I'm now feeling fresh and ready for the next day. The next workout. And the one after that. For the next three weeks. The hardest three week period. I will have yet to experience. The goal: 1500 miles. I will get there. If I have to fly to do it.

Literally. I will get on a plane...

Saturday, February 4, 2012

Swimming Breakthrough

After swimming over 15k yards last week, I thought for sure I would finally start to get faster in the pool. For the last couple of years, I have steadily made solid gains biking and running, but for swimming, I only got slower and not slower. No matter how more I swam, or how much harder I swam, I just couldn't actually swim faster than I did when I first started triathlon. I did, of course, gain endurance in the pool. But at no time did I ever gain speed. My fastest 400m swim to date is still the second triathlon I ever competed in. At the time, I was swimming more as a cool down to my weight lifting routine. Last winter, when I put in huge time in the pool, and was hitting bigger and faster workouts, I was still slower over 400m in a race. Though all that swimming did take my running to a new level. And such was the case. The more I seemed to swim, the faster I ran, but not swam. Of course, my longer swims did get faster, but that was more from overall increased endurance and improved ability to swim in open water, and not because I actually gained any swimming speed. Through all of this, I knew there had to be something, some part of my stroke, that was hindering me. Every time I swam with others that were at my speed, or even just faster, it seemed like their legs were sinking in the water and their overall posture terrible in comparison. Certainly, there was some major part of my swim stroke that I just wasn't getting. Well I was right. So very right.

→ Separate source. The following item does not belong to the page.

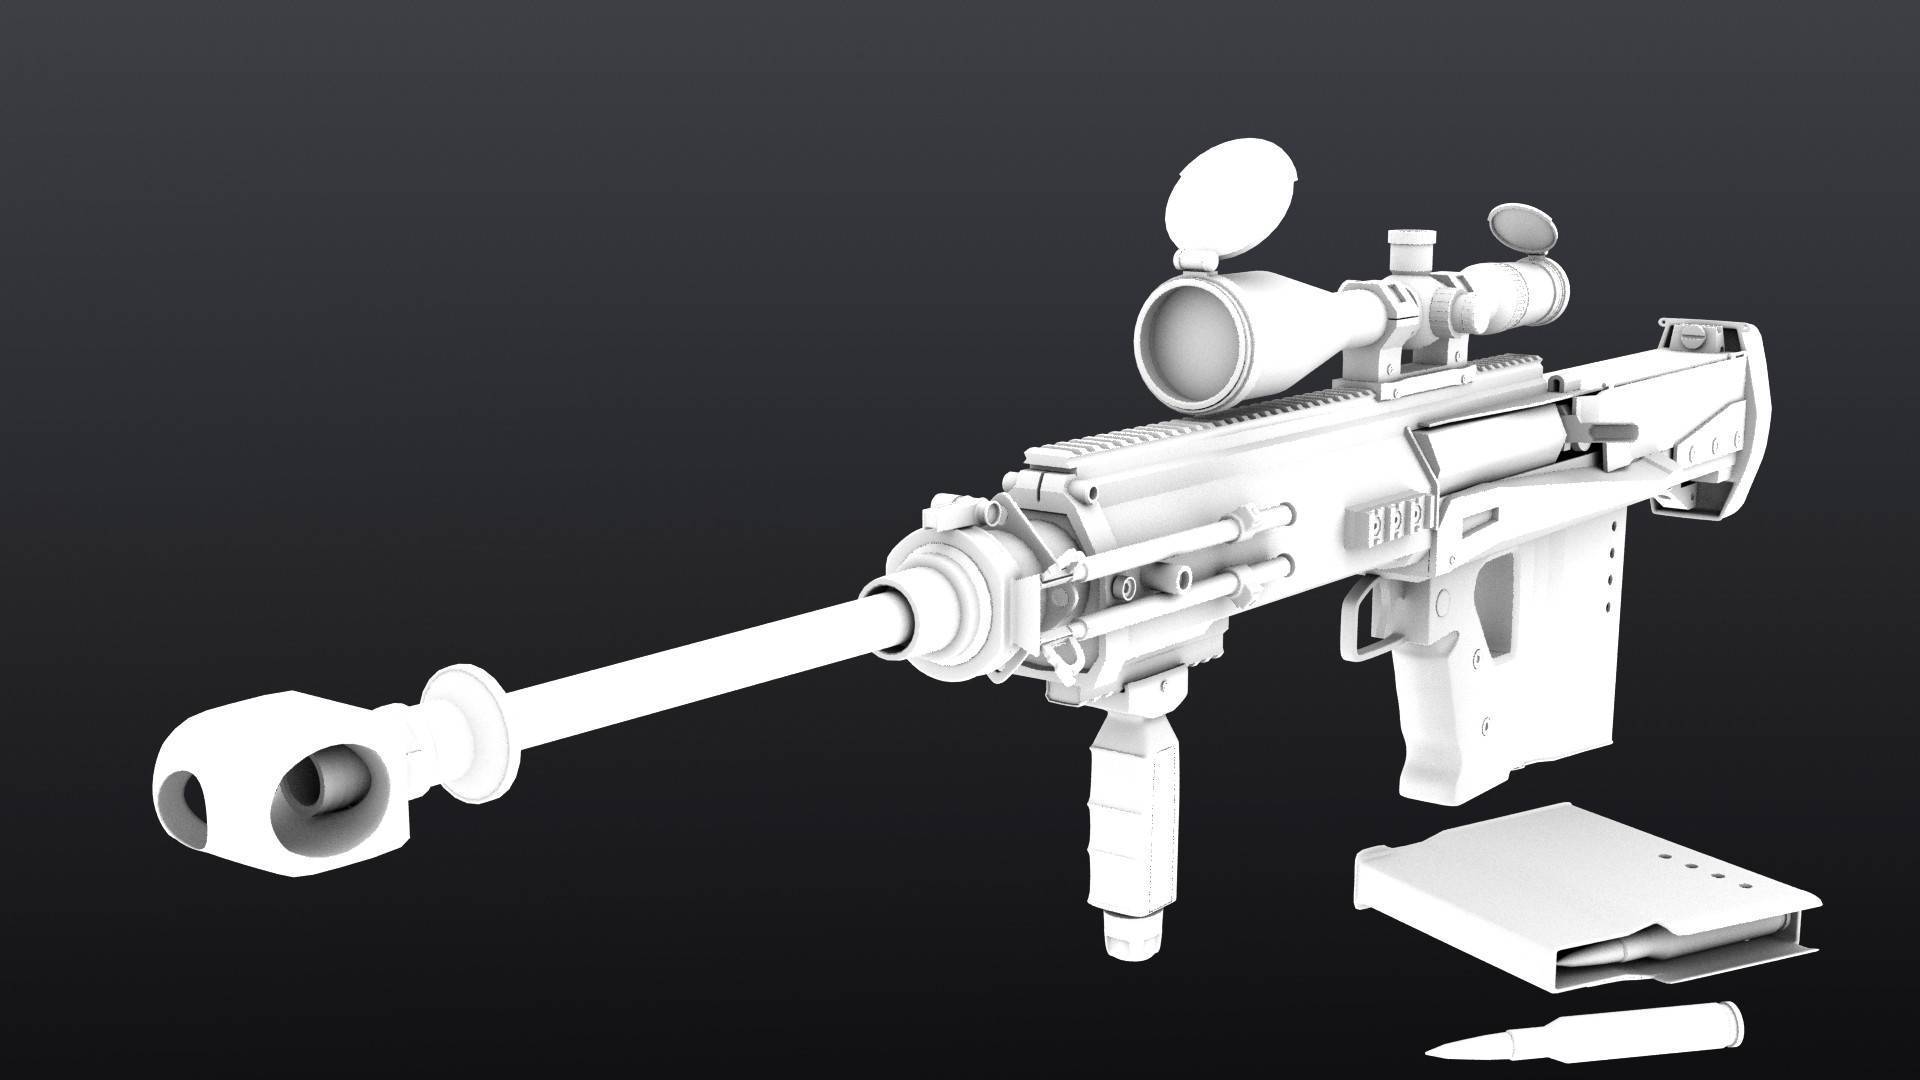 Gepard model 6 lynx, gm6 - уникальная снайперская винтовка, история разработки и достоинства, конструкция и характеристики, производство и неполная разборка

Throughout the last couple of years, as I seemingly fixed some part of my stroke, and correspondingly felt faster in the water, I was convinced that I had finally done it. But each time, the fix was correspondingly quite small, and often, quite inconsequential. From all the time spent working on the "connection" between the lower body and upper body in the stroke, to just recently when I finally learned how to perform a full 6 beat kick with no deadspots (turns out I've always had a great 4 beat kick, but aside from the opening sprint at the beginning of a race, I need to be focusing on a 2 beat kick). Each time, from keeping my head more still in the water and letting it rotate with my body to correcting my hand entry to entering right near my head instead of throwing it out as far as I can, the actual differences in speed were quite minimal. Even one of the big ones, where I flattened my hand out and kept my fingertips from creeping up to the top of the water without my wrist going with it, didn't actually shave a large chunk of time off. So what was the tip that finally did it?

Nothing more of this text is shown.